In December 2005, Daniel McGowan was arrested by four federal agents in a nationwide sweep of radical environmentalists involved with the Earth Liberation Front, or ELF. For years, the ELF had launched spectacular acts of arson against dozens of businesses it accused of destroying the environment, including timber companies, SUV dealerships, wild horse slaughterhouses and a $12 million ski lodge in Vail, Colorado.

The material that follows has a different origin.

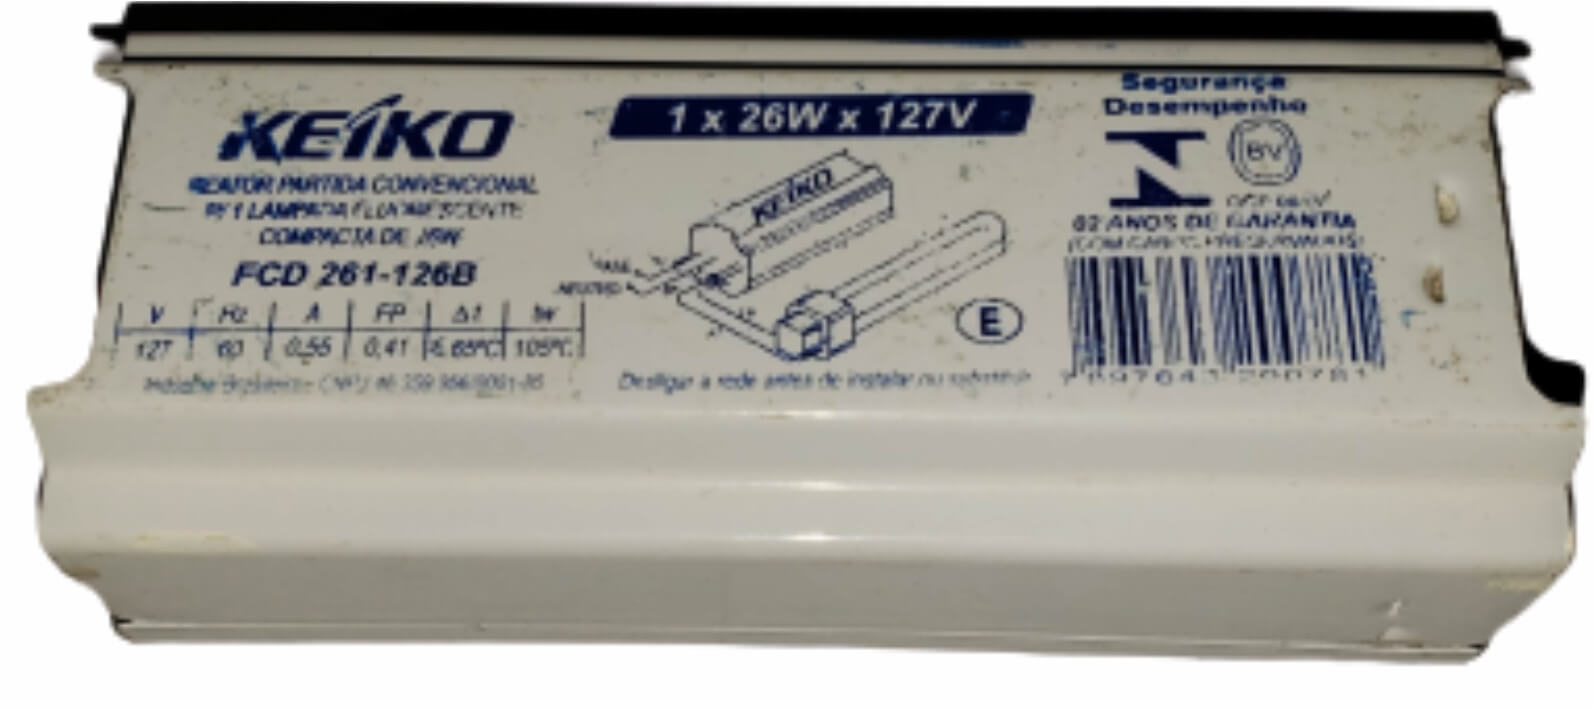 Reator Eletromagnético 1x26x127v - KEIKO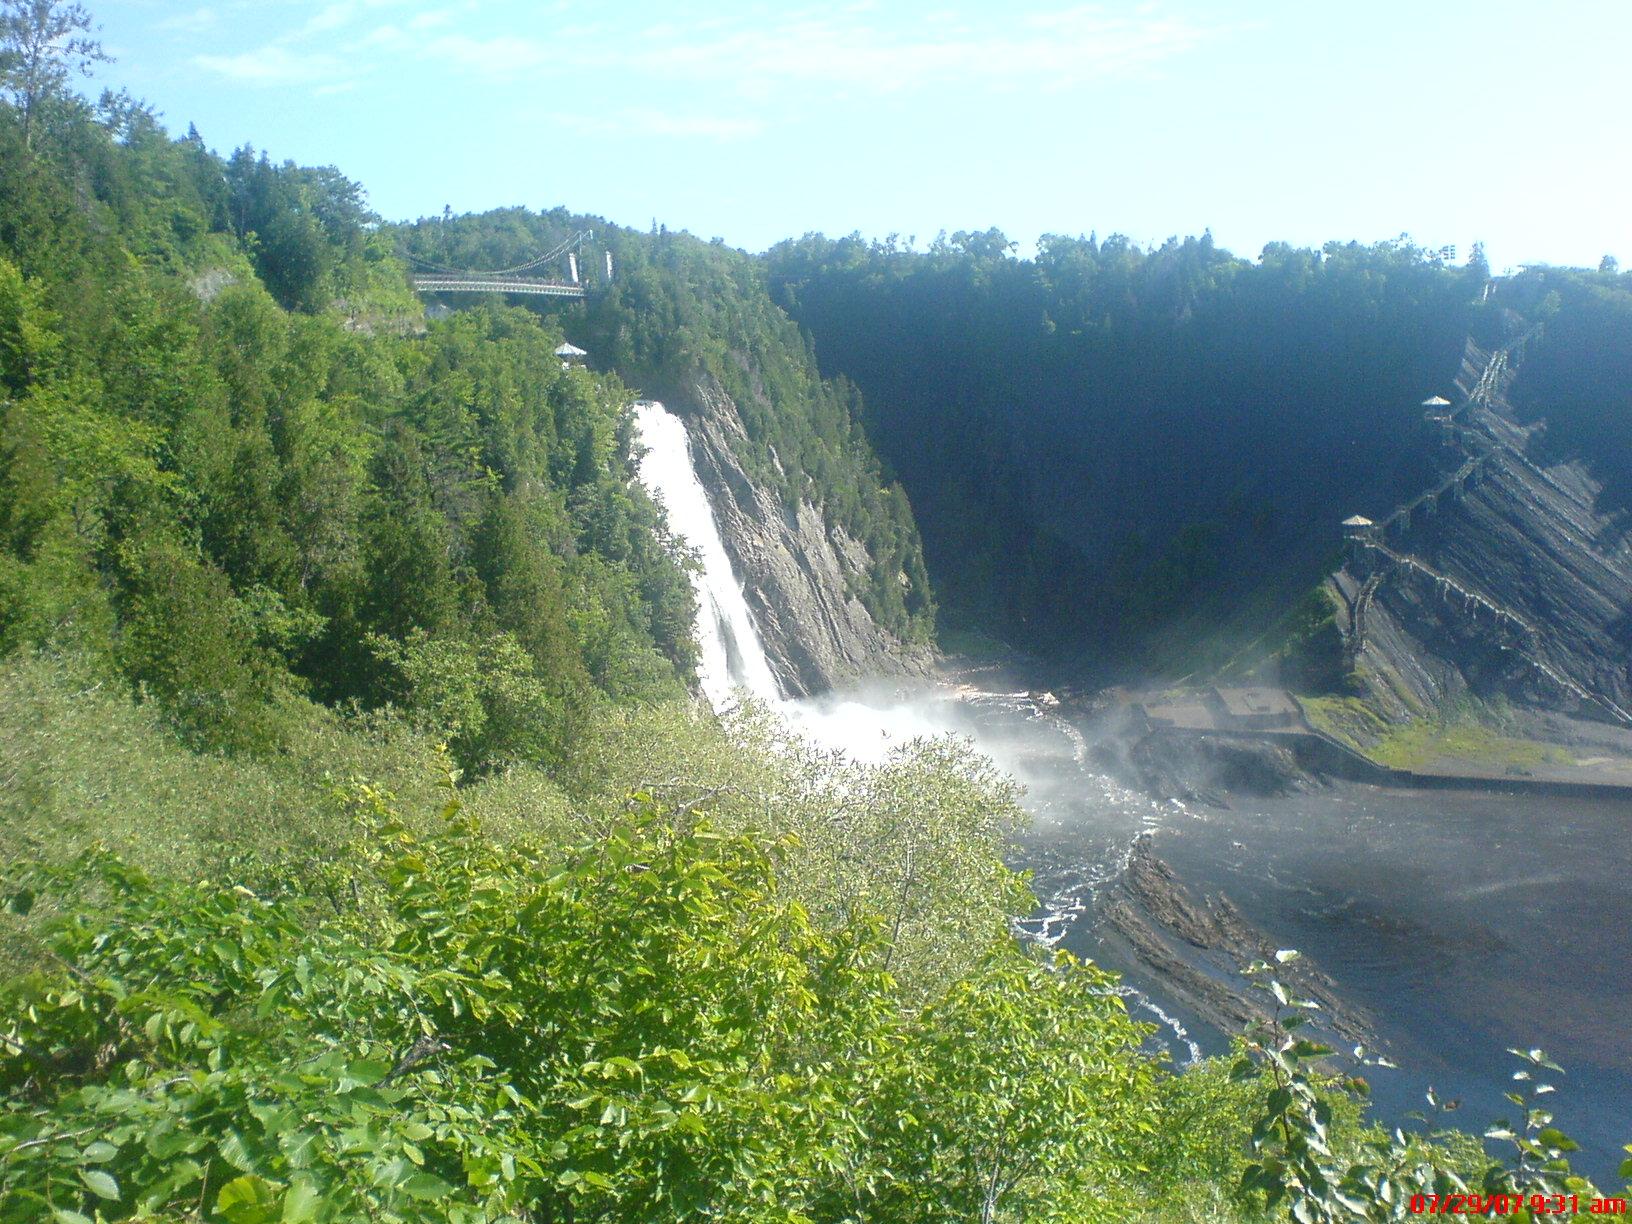 Quebec City, Montmorency Falls

No one had ever been hurt in any of the fires, but the FBI considered the group the "No. 1 domestic terrorism threat" in the United States, and soon after his arrest, McGowan discovered that the arson carried a sentence of life in prison.

Winner of the U.S. Documentary Editing Award at the 2011 Sundance Film Festival, If a Tree Falls: A Story of the Earth Liberation Front is a layered narrative that carefully weaves together a variety of clashing points of view using vérité footage, surprisingly candid interviews and a trove of archival material (much of it never before seen). The result is a nuanced story that asks its audience to wrestle with questions intentionally left unresolved.

The film begins with McGowan in his sister Lisa's Manhattan apartment, where he has been placed on house arrest as he awaits trial for two arsons that he committed against Oregon timber facilities. With an ankle bracelet monitoring his movement, he contemplates his future and reflects on his past.

On the surface, McGowan is an unlikely revolutionary. He went to Catholic school in Queens, was the son of a New York police officer and was a business major in college. "Growing up, he wasn't the political kid fighting for anything," his sister says. "He was just a regular kid."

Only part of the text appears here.